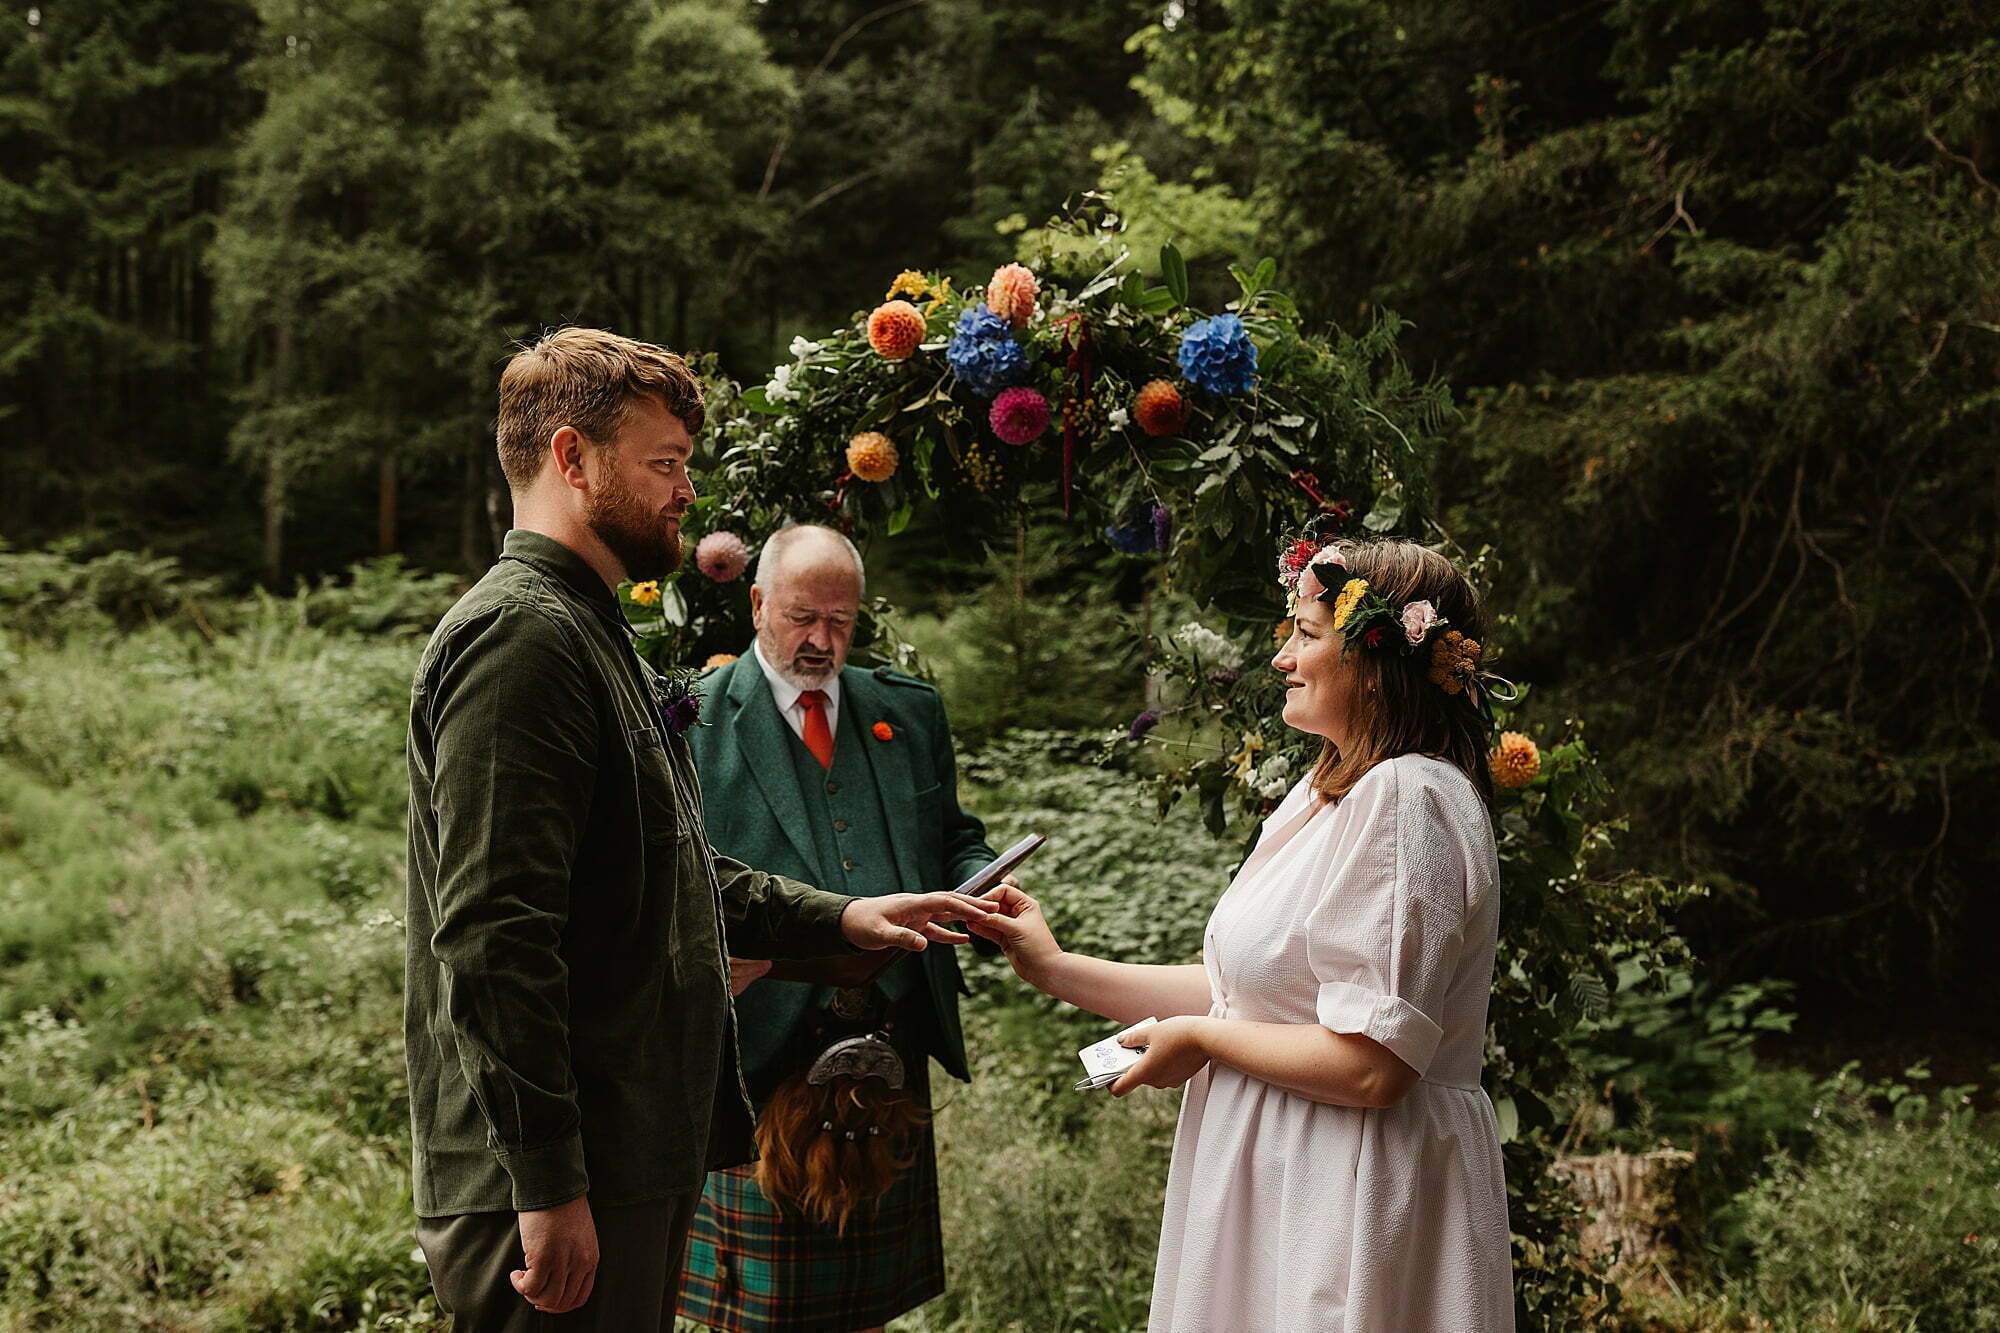 glen dye outdoor ceremony humanist wedding ring exchange hays flowers floral crown neil lynch celebrant
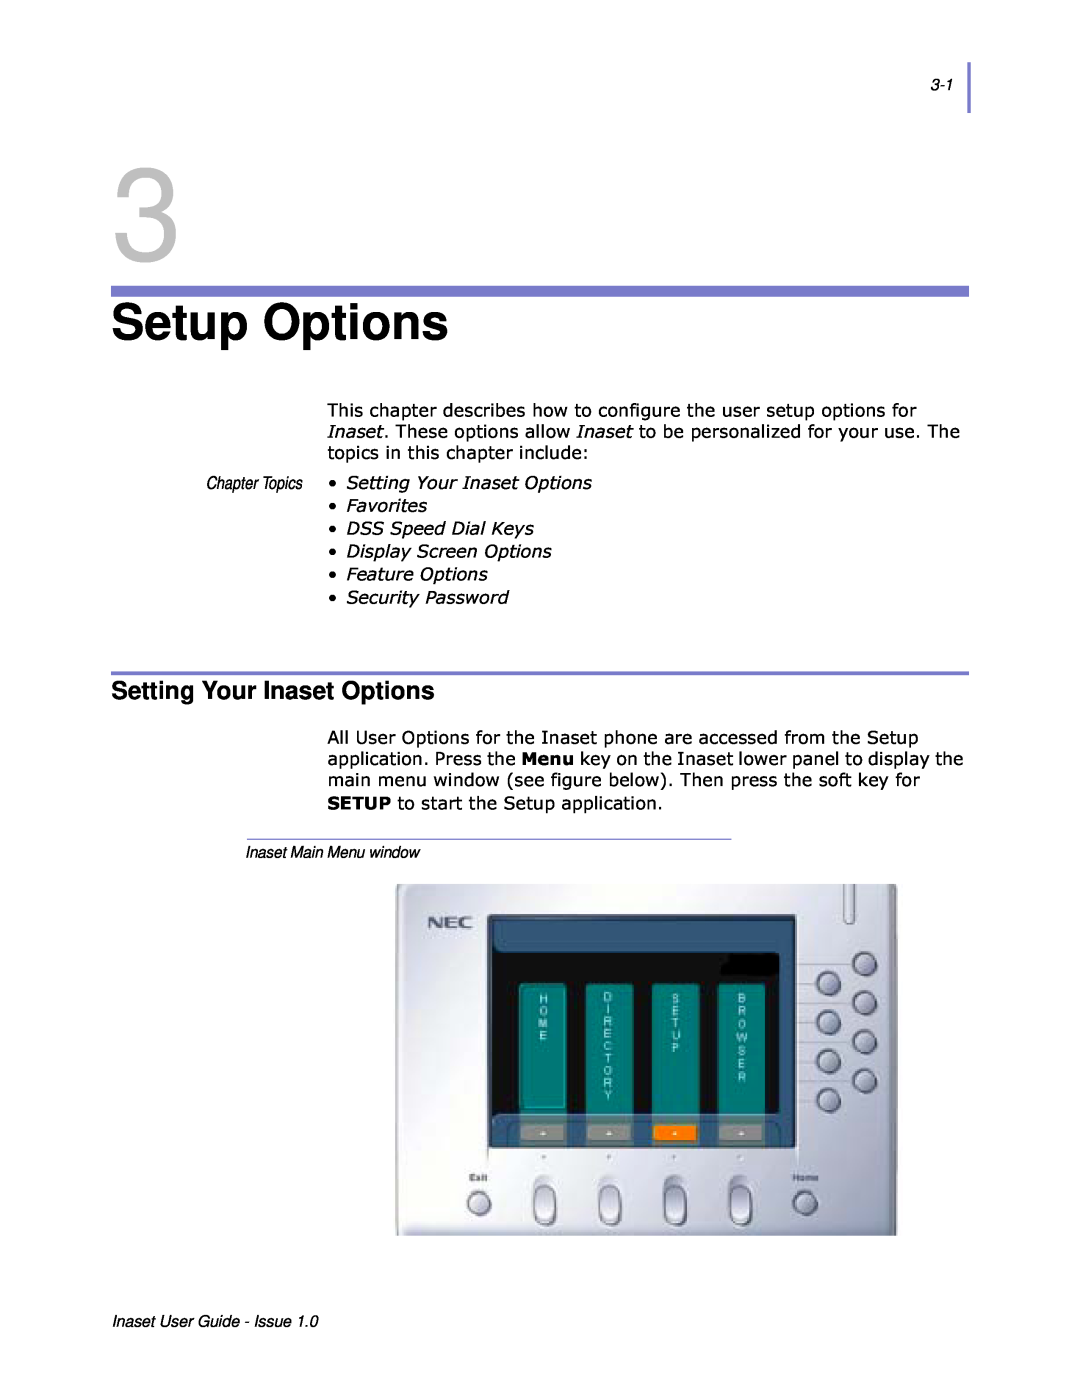 NEC NEAX 2000 IPS Setup Options, Setting Your Inaset Options, Wrslfvlqwklvfkdswhulqfoxgh, 6783WRVWDUWWKH6HWXSDSSOLFDWLRQ 
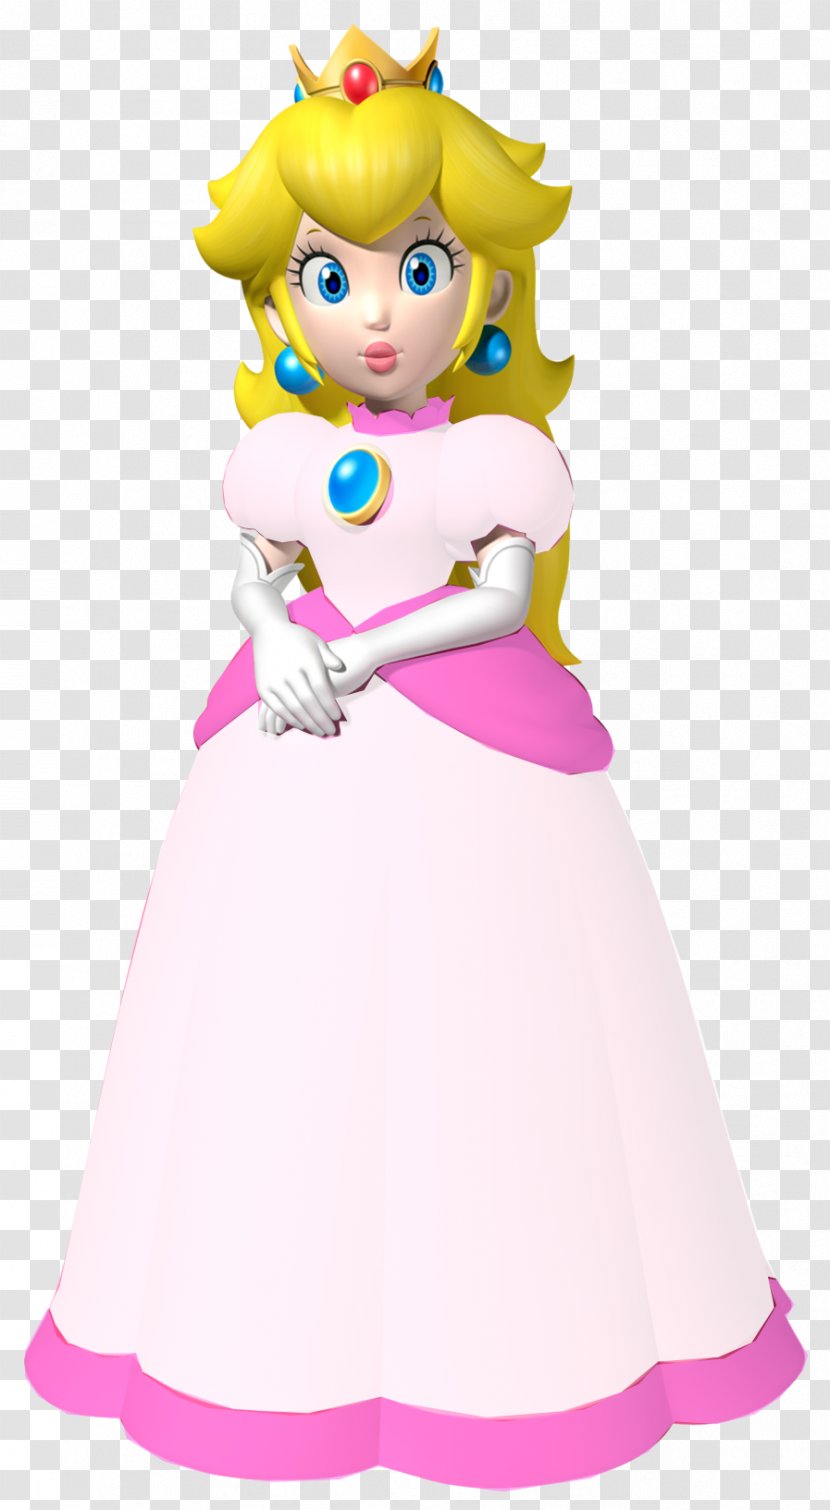 Mario Bros. Princess Peach Bowser Rosalina - Series Transparent PNG
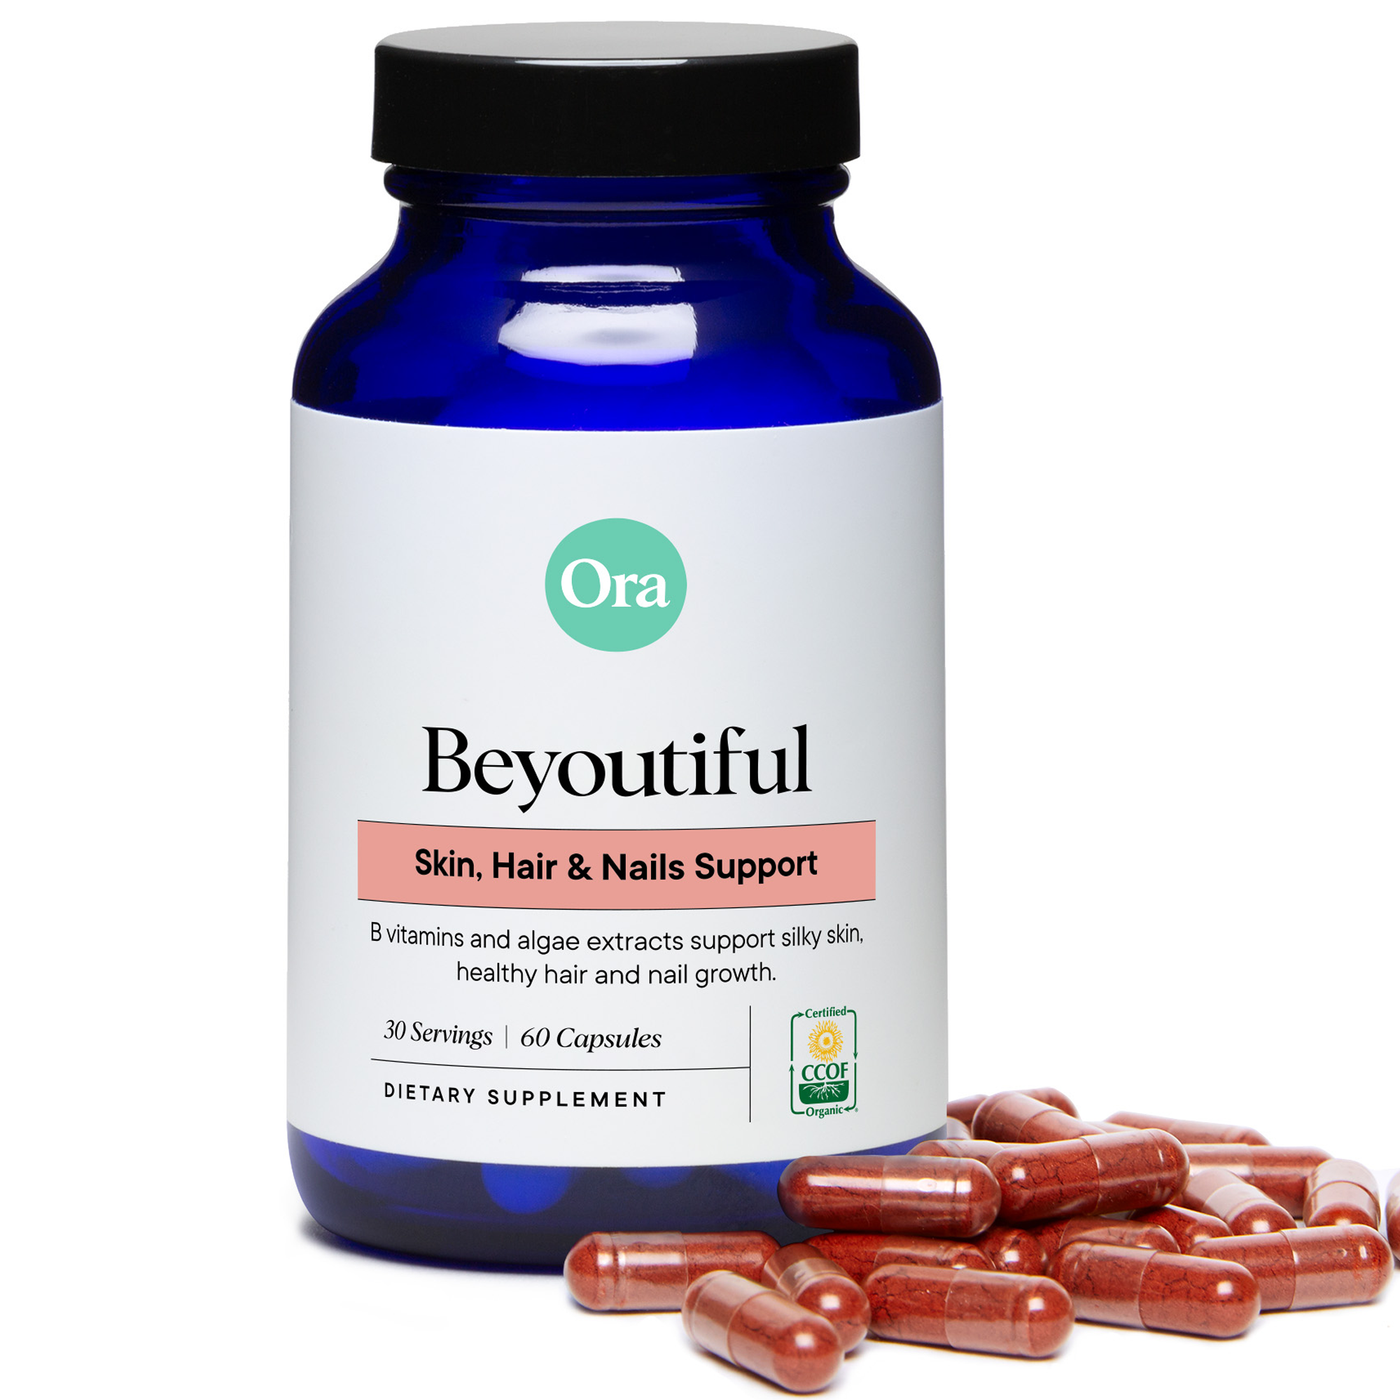 Beyoutiful ules Curated Wellness
- - - - -
__TASK DESCRIPTION__:
Your reply should hold every line above exactly as written and none of the pictures.

__ANSWER BOX__:
 glen dye outdoor ceremony humanist wedding ring exchange hays flowers floral crown neil lynch celebrant
 NEC NEAX 2000 IPS Setup Options, Setting Your Inaset Options, Wrslfvlqwklvfkdswhulqfoxgh, 6783WRVWDUWWKH6HWXSDSSOLFDWLRQ 
 Mario Bros. Princess Peach Bowser Rosalina - Series Transparent PNG
 Beyoutiful ules Curated Wellness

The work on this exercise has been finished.